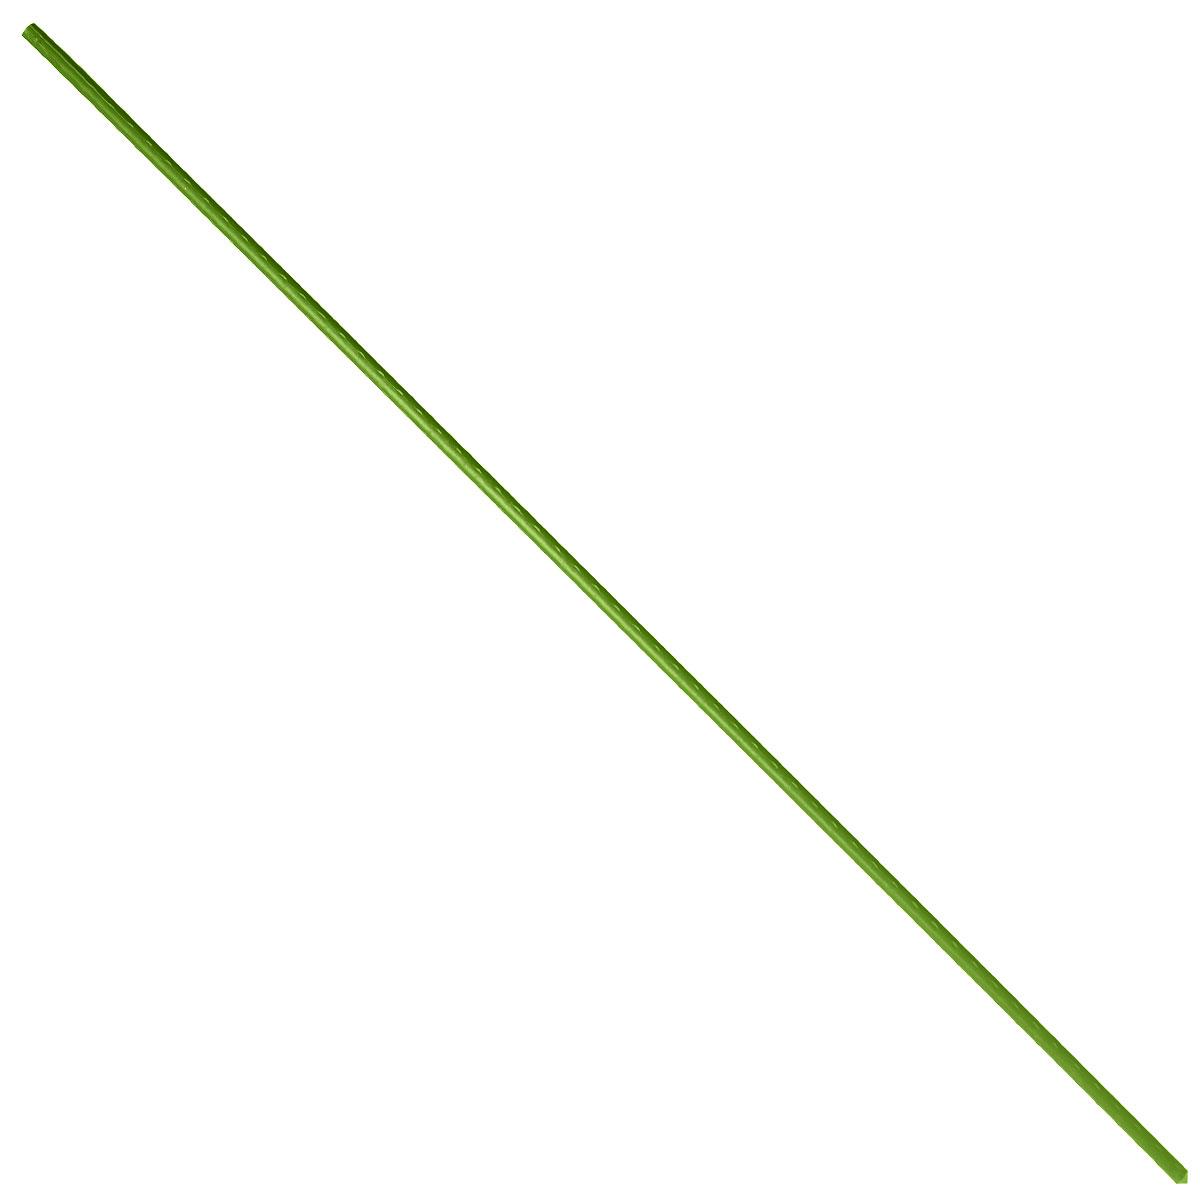 Опора для растений Green Apple, цвет: зеленый, диаметр 1,1 см, длина 90 см, 5 шт комплект для вьющихся растений сборный green apple glscl
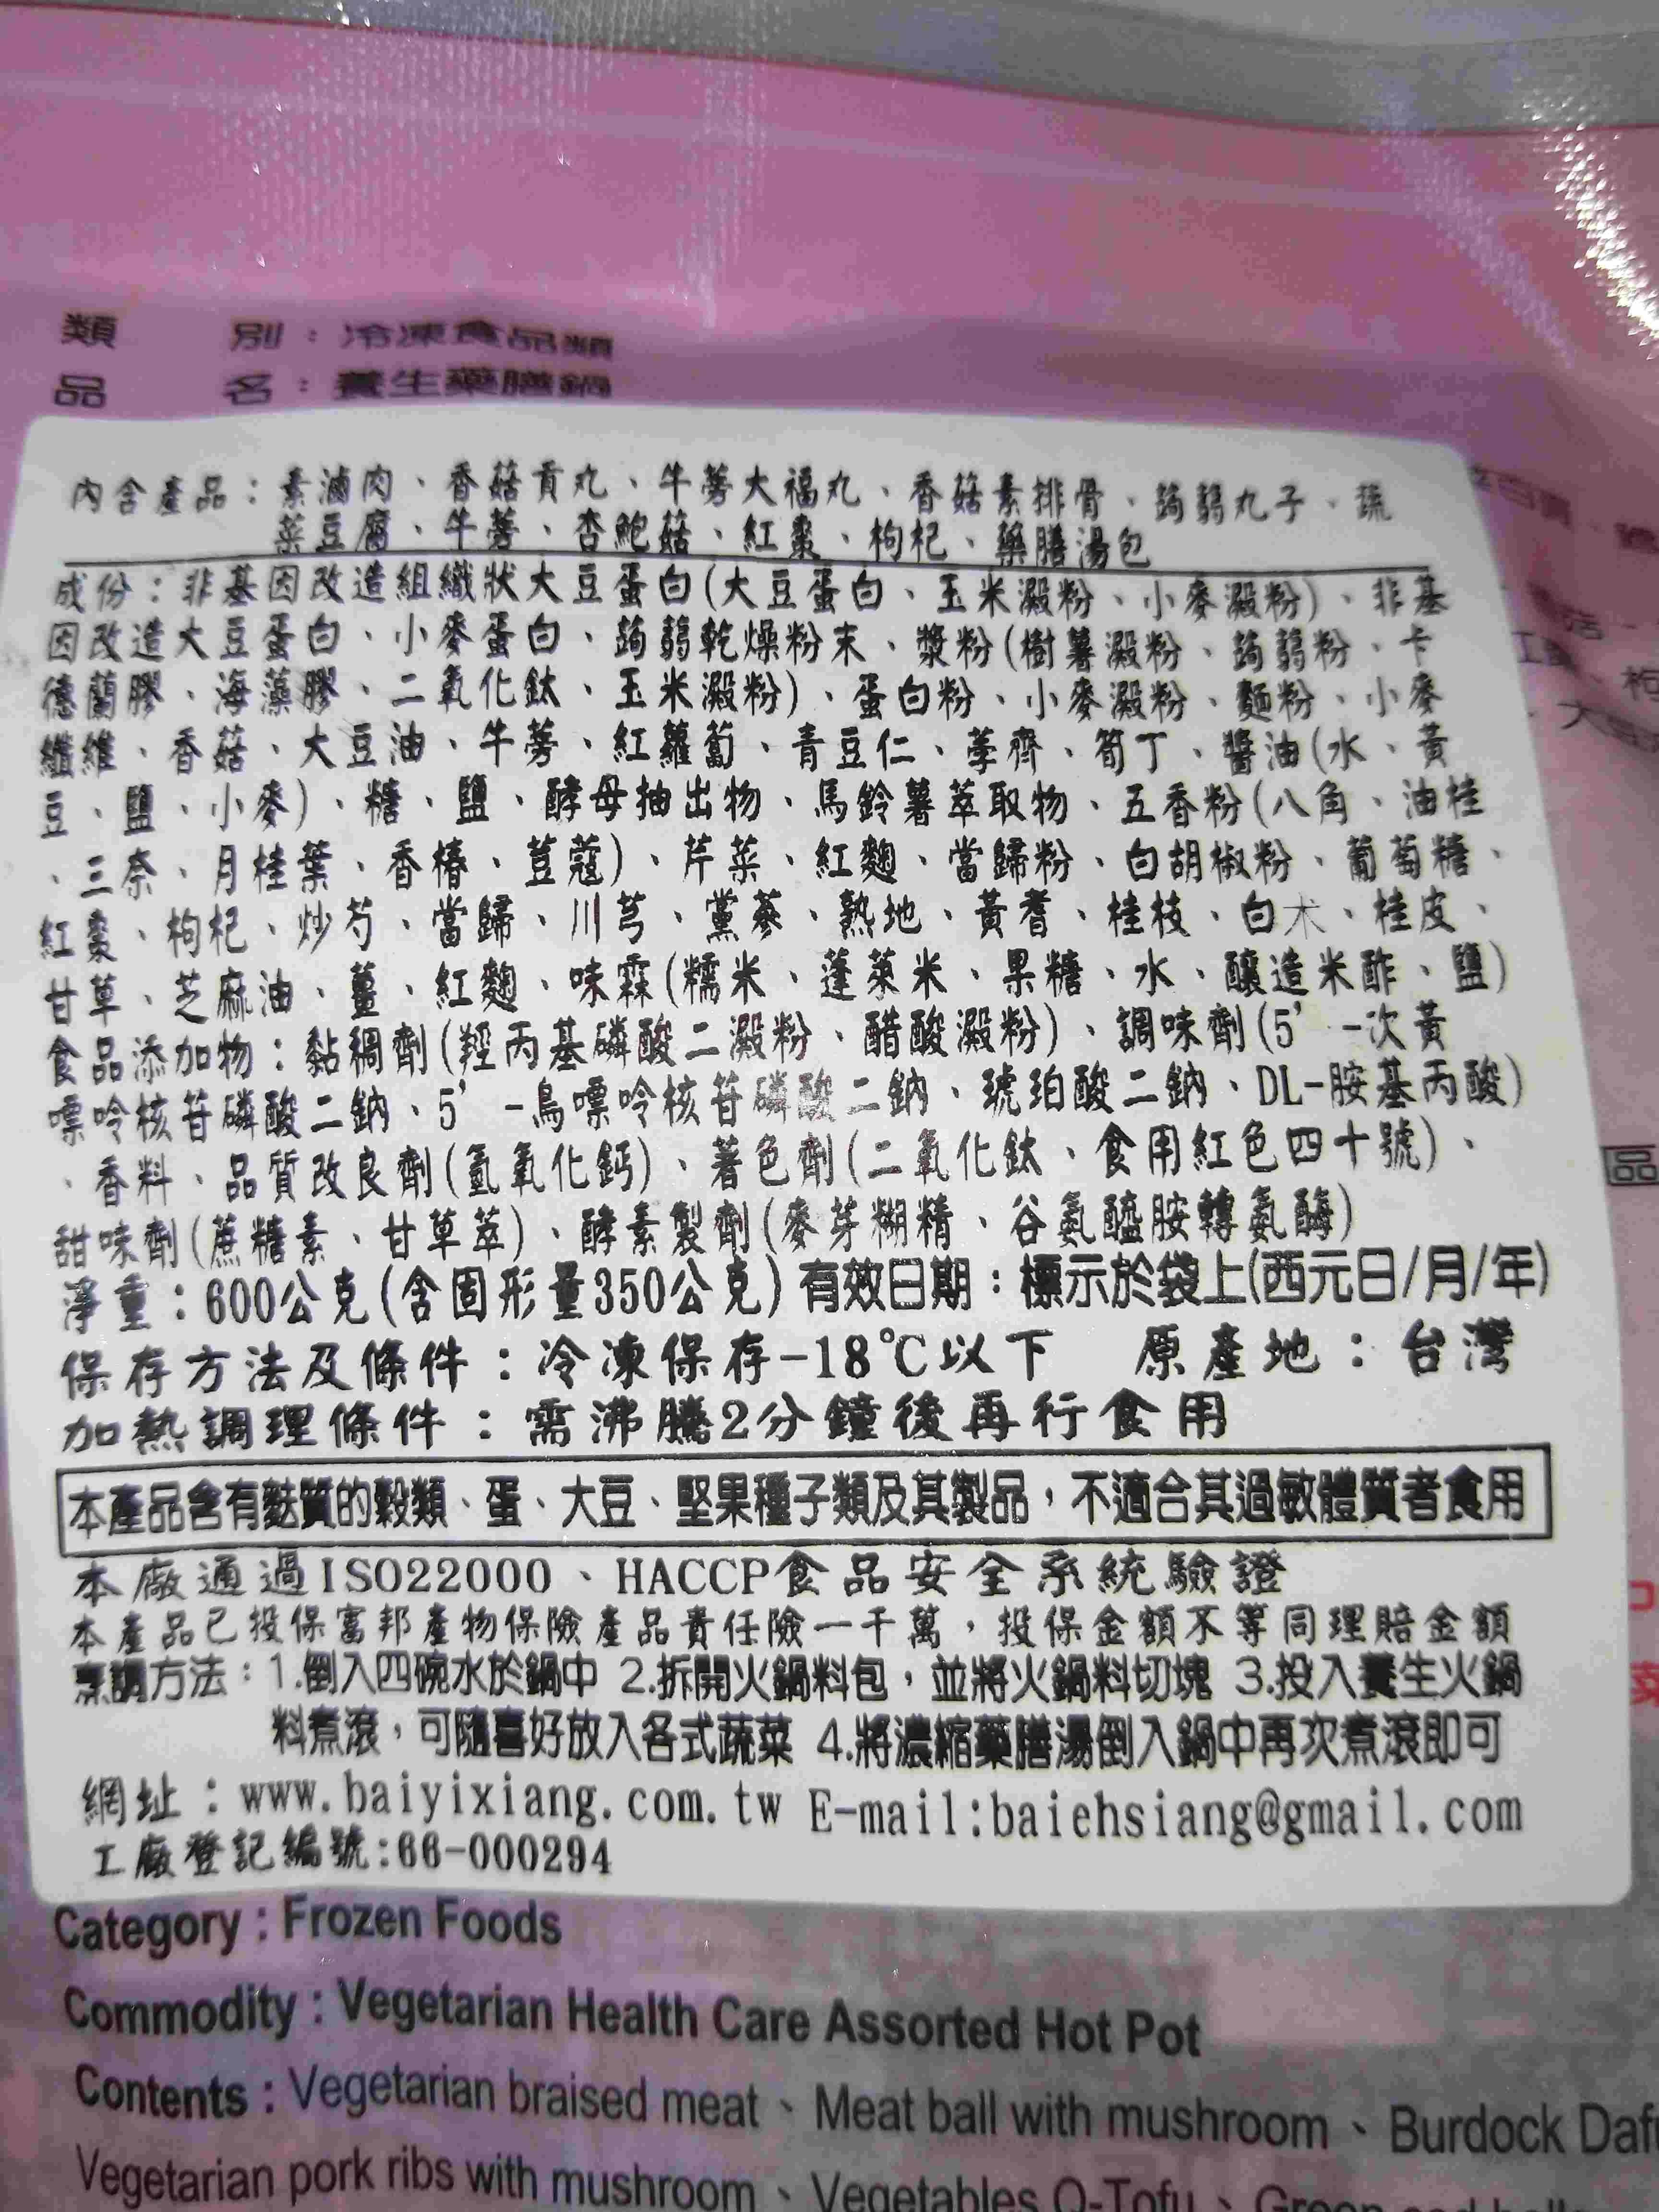 Image Yao Shan Herbal Steamboat 连厨 - 养生药膳火锅 600grams
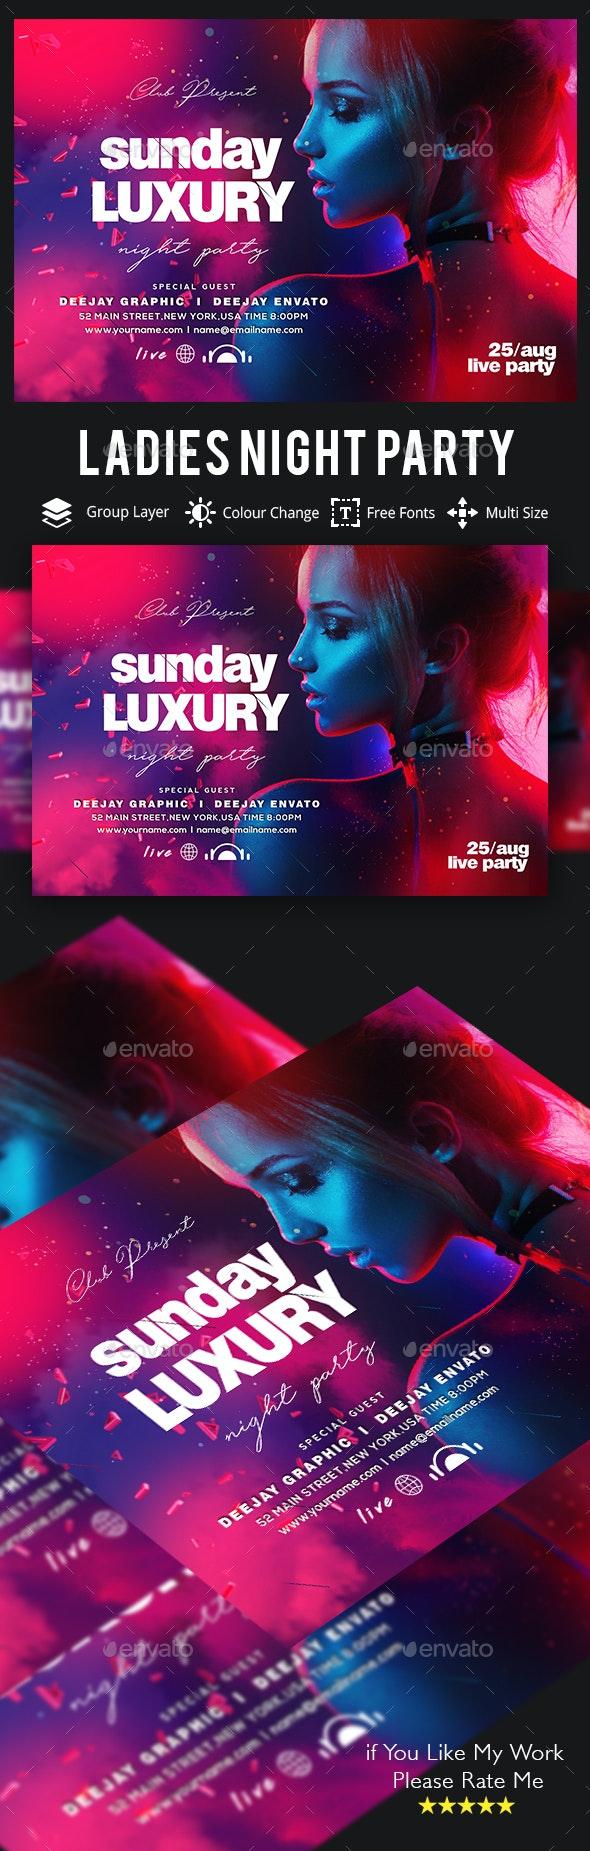 Guest DJ / Artist Flyer - Events Flyers

* _Work item_
Everything in the material above should be reproduced exactly, except the pictures.

* _Output of the task_
 Опора для растений Green Apple, цвет: зеленый, диаметр 1,1 см, длина 90 см, 5 шт комплект для вьющихся растений сборный green apple glscl
 Image Yao Shan Herbal Steamboat 连厨 - 养生药膳火锅 600grams
 Guest DJ / Artist Flyer - Events Flyers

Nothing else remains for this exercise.